Montréal et Normétal forment un anagramme intéressant. Outre les lettres de leur dénomination, les deux municipalités partagent bien peu d’homologies. C’est ce que mon père me confirmait alors qu’il était en visite à mon appartement du quartier Parc-Extension à Montréal il y a quelques années. Il observait les passants issus des quelques 75 communautés ethniques résidantes du quartier par la fenêtre de façon respectueuse, mais non moins fascinée, en justifiant sa curiosité par un : «On en avait pas des comme ça à Normétal!» La métropole, c’est le fun pour ça, il y a une diversité incroyable. Et c’est vrai que c’est fascinant, spécialement quand t’arrives d’un milieu relativement uniforme. Depuis mon retour en sol montréalais, il y a d’ailleurs un phénomène culturel assez étrange, inexistant en Abitibi-Témiscamingue (sauf pendant le FME) qui a piqué mon attention et j’ai nommé : les hipsters.

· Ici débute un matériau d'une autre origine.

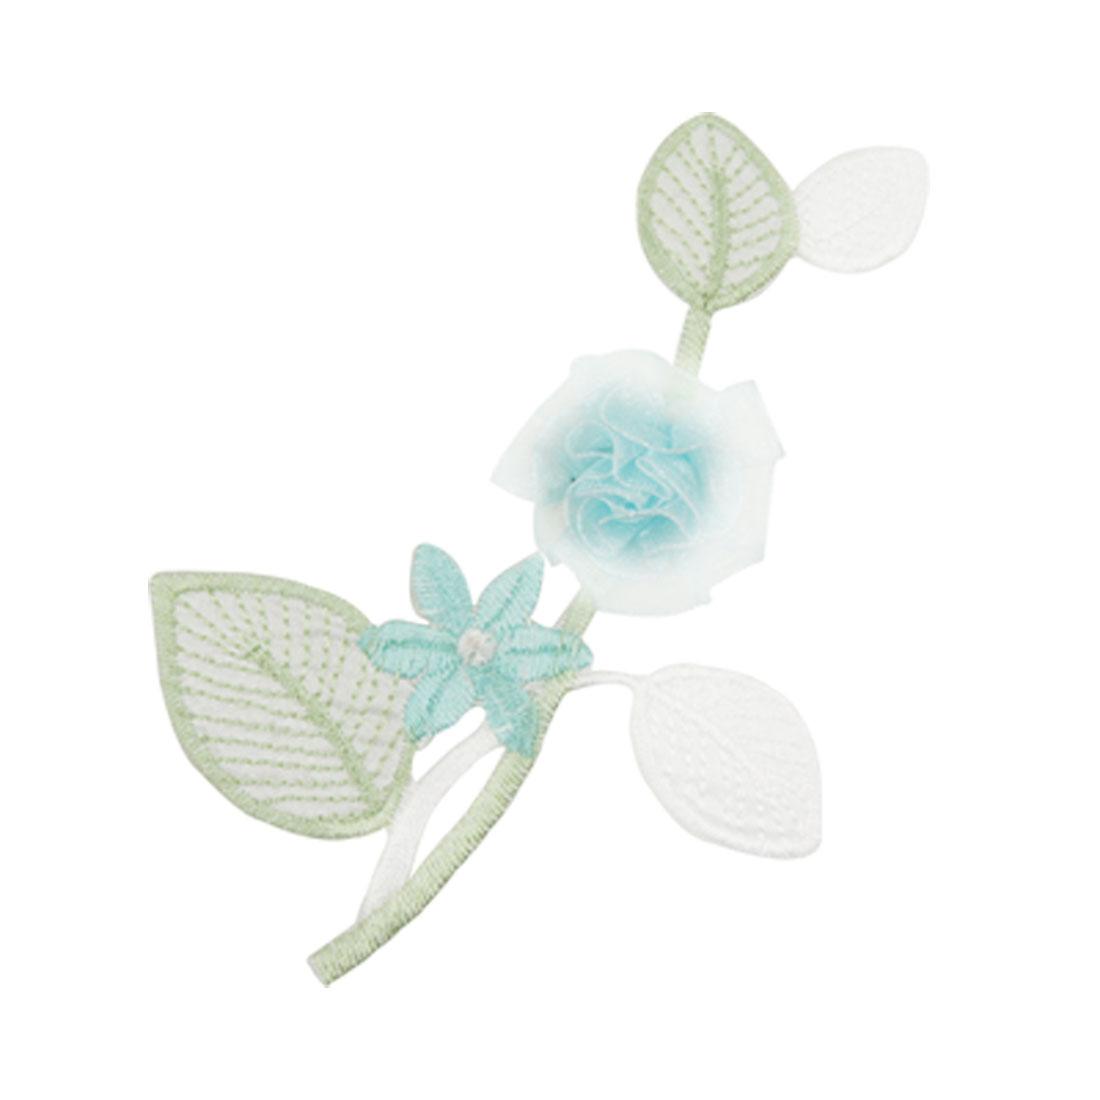 Shirt Embroidered Badge Jacket 3D Flower Design Patch

Les hipsters, c’est une sorte de monde qui ne passe pas inaperçu. Leurs préceptes touchent un ensemble d’éléments identitaires : mode, attitude, opinions qui sont régis par un seul et unique commandement, être cool.  Ainsi, ce semble être le seul segment de la population qui bascule la très populaire théorie de la pyramide de Maslow : il faut se réaliser, d’abord et avant tout.

Pour plusieurs raisons, je trouve ce mouvement très captivant. D’abord, c’est que les hipsters sont tout sauf attachants. Ils ont la caractéristique commune d’avoir souvent l’air bête. La raison est simple : ils s’accoquinent très peu des gens de la «masse», ceux-ci étant ignorants culturellement. Les regarder avec condescendance permet de maintenir la distance avec eux. Ainsi, il y a quelque chose de péjoratif associé aux hipsters. Pas étonnant que personne ne se définisse comme tel et que tout le monde les méprise. Même eux.

Même si personne ne se déclare hipster au même titre que personne ne se défini comme avare ou mythomane, ça existe. J’en ai vus! En effet, on peut en observer différentes espèces à Montréal. Y’a des endroits et événements agrégatifs de hipsters où c’est plus facile de les voir. Pour les identifier, j’ai pensé faire une brève fiche descriptive du spécimen.

Habitat : Ils se tiennent dans des endroits atypiques ou qui présentent une culture émergente et/ou underground. C’est pourquoi on en voit beaucoup au FME. Ce sont ceux qui trouvent Patrick Watson beaucoup trop mainstream et qui prennent des photos de choses qu’ils jugent risibles et les publient sur Facebook au même instant.

Nourriture : Majoritairement végétaliens, les hipsters se nourrissent de n’importe quoi au goût difficile à cerner (ex : muffins courges et citron). Autant que possible, ils consomment leurs aliments d’une façon autre que le veut la coutume ou la convention (ex : boire du thé dans un pot Masson).

Caractéristiques physiques : Ils cultivent un look androgyne et sont généralement assez maigres. Beaucoup portent des lunettes avec de larges montures en plastique, des skinny jeans, des t-shirts avec des noms de groupes ou des titres de films dont personne n’a jamais entendu parler. Quelques-uns vivent la chose de façon plus viscérale et portent des vêtements et des coupes de cheveux que 99,9% de la population ne saurait assumer. Ils jouent parfois sur la ligne du laid et de l’indécence pour se démarquer.

Intérêts : Les hipsters s’intéressent à la musique, à la littérature et aux films dont personne n’a jamais entendu parler. Par contre, ils respectent certaines grandes icônes comme Oscar Wilde, Che Guevara, les Beatles mais pas ceux qui sont nés de leur influence.

Éléments distinctifs : Ils taponnent souvent sur un cellulaire et pratiquent le name dropping (de monde qu’on connaît pas, vous l’avez deviné).

On comprend maintenant pourquoi le phénomène n’est pas répandu en région. L’environnement de l’Abitibi-Témiscamingue n’est pas adapté à leur mode de vie et le hipster y serait voué à une mort certaine. Le Polyson, le Mike’s et le Roi du Jeans ne sauraient répondre à leurs besoins.

De toute façon, ce n’est pas bien grave puisque d’une part, la région qui se démarque par son chaleureux accueil n’aurait que faire de ces êtres si froids et, d’autre part, considérant la popularité grandissante du phénomène qui interfère avec leur besoin de se différencier de la masse, je prédis l’implosion prochaine des hipsters.